Step	Hyp	Ref	Expression
1		breq1 5122	. . . . . 6 ⊢ (𝑏 = 𝐵 → (𝑏 ∥ 𝑎 ↔ 𝐵 ∥ 𝑎))
2		eleq1 2822	. . . . . 6 ⊢ (𝑏 = 𝐵 → (𝑏 ∈ 𝑆 ↔ 𝐵 ∈ 𝑆))
3	1, 2	imbi12d 344	. . . . 5 ⊢ (𝑏 = 𝐵 → ((𝑏 ∥ 𝑎 → 𝑏 ∈ 𝑆) ↔ (𝐵 ∥ 𝑎 → 𝐵 ∈ 𝑆)))
4	3	ralbidv 3163	. . . 4 ⊢ (𝑏 = 𝐵 → (∀𝑎 ∈ 𝑌 (𝑏 ∥ 𝑎 → 𝑏 ∈ 𝑆) ↔ ∀𝑎 ∈ 𝑌 (𝐵 ∥ 𝑎 → 𝐵 ∈ 𝑆)))
5		oveq2 7413	. . . . . 6 ⊢ (𝑚 = 1 → (1...𝑚) = (1...1))
6	5	raleqdv 3305	. . . . 5 ⊢ (𝑚 = 1 → (∀𝑏 ∈ (1...𝑚)∀𝑎 ∈ 𝑌 (𝑏 ∥ 𝑎 → 𝑏 ∈ 𝑆) ↔ ∀𝑏 ∈ (1...1)∀𝑎 ∈ 𝑌 (𝑏 ∥ 𝑎 → 𝑏 ∈ 𝑆)))
7		oveq2 7413	. . . . . 6 ⊢ (𝑚 = 𝑛 → (1...𝑚) = (1...𝑛))
8	7	raleqdv 3305	. . . . 5 ⊢ (𝑚 = 𝑛 → (∀𝑏 ∈ (1...𝑚)∀𝑎 ∈ 𝑌 (𝑏 ∥ 𝑎 → 𝑏 ∈ 𝑆) ↔ ∀𝑏 ∈ (1...𝑛)∀𝑎 ∈ 𝑌 (𝑏 ∥ 𝑎 → 𝑏 ∈ 𝑆)))
9		oveq2 7413	. . . . . 6 ⊢ (𝑚 = (𝑛 + 1) → (1...𝑚) = (1...(𝑛 + 1)))

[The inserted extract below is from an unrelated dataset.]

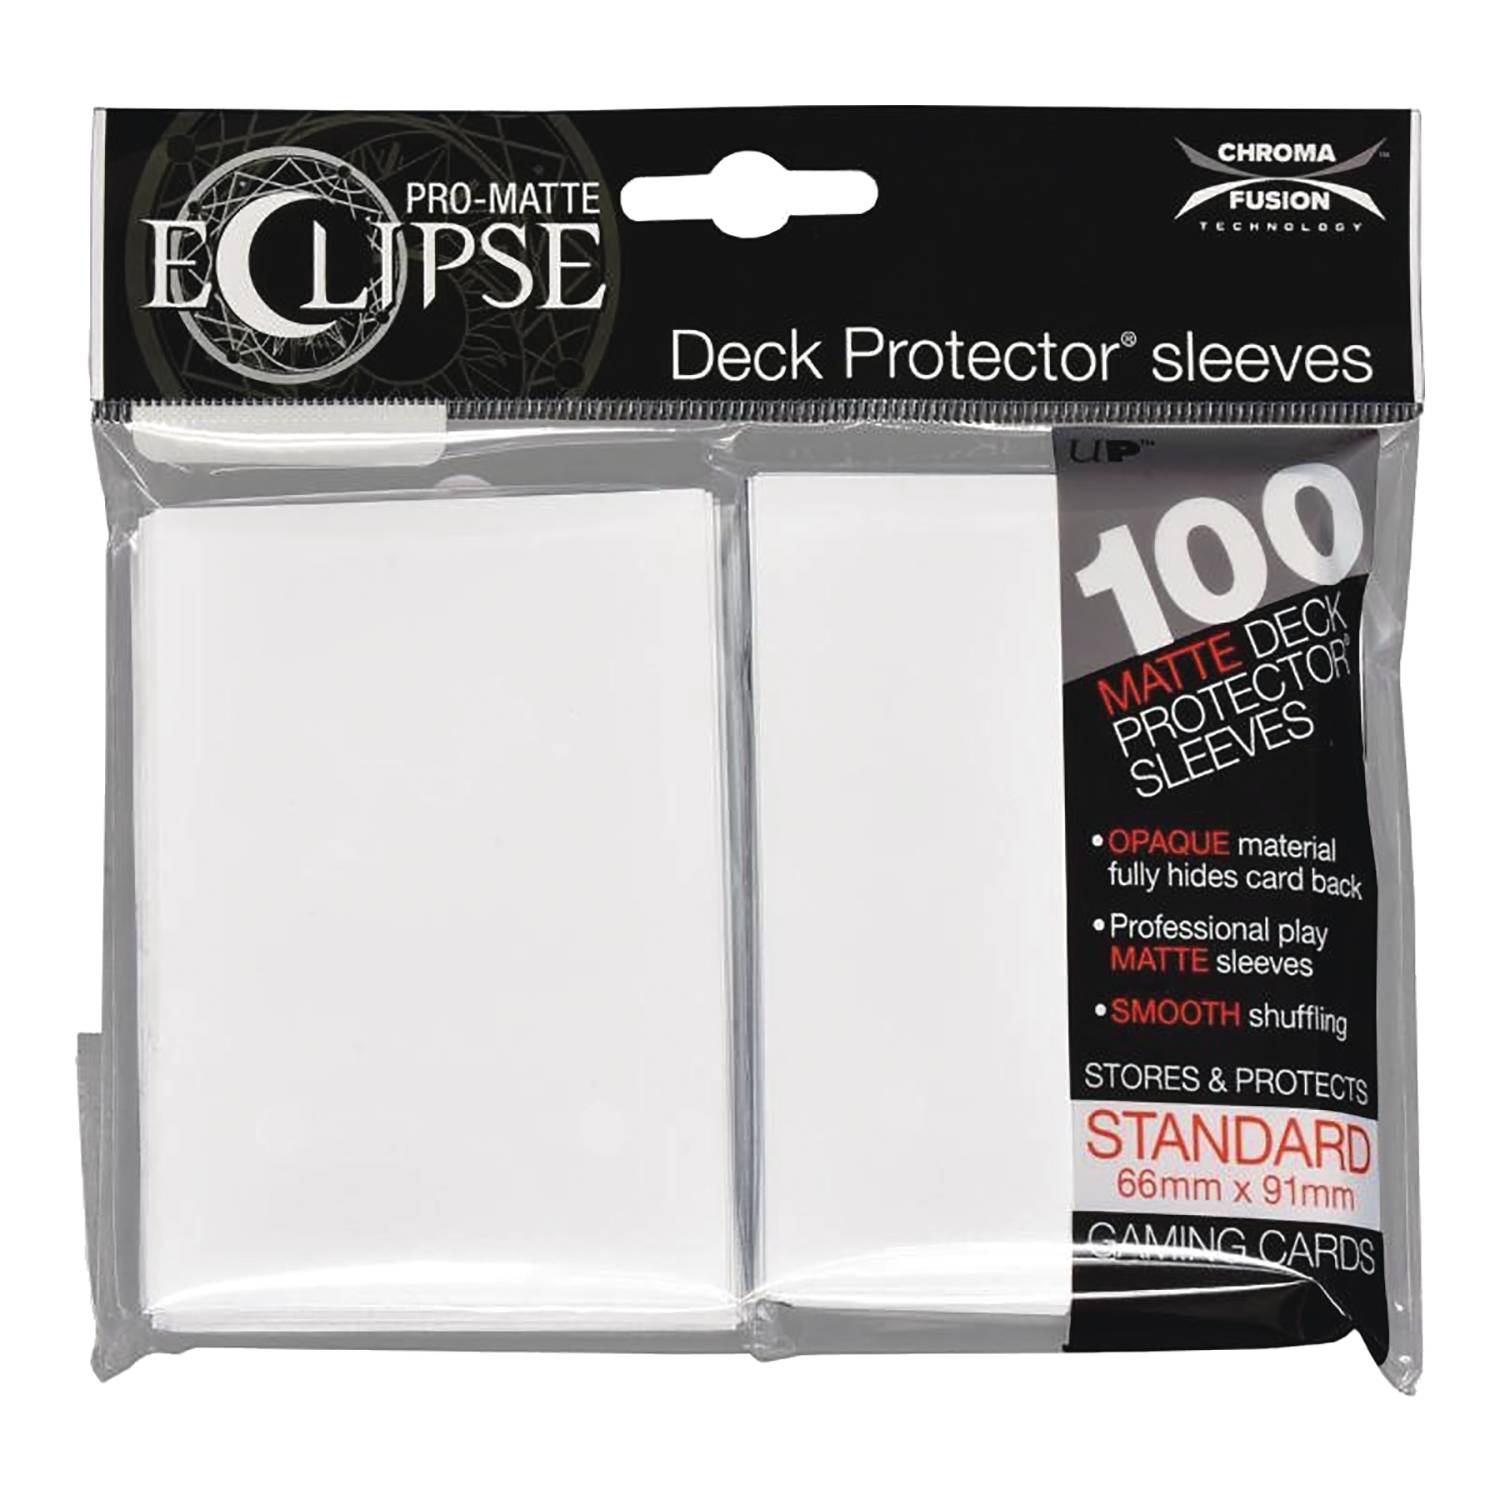 Pro Matte Eclipse Deck Protectors Sleeve 100ct Artic White

10	9	raleqdv 3305	. . . . 5 ⊢ (𝑚 = (𝑛 + 1) → (∀𝑏 ∈ (1...𝑚)∀𝑎 ∈ 𝑌 (𝑏 ∥ 𝑎 → 𝑏 ∈ 𝑆) ↔ ∀𝑏 ∈ (1...(𝑛 + 1))∀𝑎 ∈ 𝑌 (𝑏 ∥ 𝑎 → 𝑏 ∈ 𝑆)))
11		oveq2 7413	. . . . . 6 ⊢ (𝑚 = 𝐵 → (1...𝑚) = (1...𝐵))
12	11	raleqdv 3305	. . . . 5 ⊢ (𝑚 = 𝐵 → (∀𝑏 ∈ (1...𝑚)∀𝑎 ∈ 𝑌 (𝑏 ∥ 𝑎 → 𝑏 ∈ 𝑆) ↔ ∀𝑏 ∈ (1...𝐵)∀𝑎 ∈ 𝑌 (𝑏 ∥ 𝑎 → 𝑏 ∈ 𝑆)))
13		elfz1eq 13552	. . . . . . . . 9 ⊢ (𝑏 ∈ (1...1) → 𝑏 = 1)
14		1z 12622	. . . . . . . . . . . 12 ⊢ 1 ∈ ℤ
15		zgz 16953	. . . . . . . . . . . 12 ⊢ (1 ∈ ℤ → 1 ∈ ℤ[i])
16	14, 15	ax-mp 5	. . . . . . . . . . 11 ⊢ 1 ∈ ℤ[i]
17		sq1 14213	. . . . . . . . . . . 12 ⊢ (1↑2) = 1
18	17	eqcomi 2744	. . . . . . . . . . 11 ⊢ 1 = (1↑2)
19		fveq2 6876	. . . . . . . . . . . . . 14 ⊢ (𝑥 = 1 → (abs‘𝑥) = (abs‘1))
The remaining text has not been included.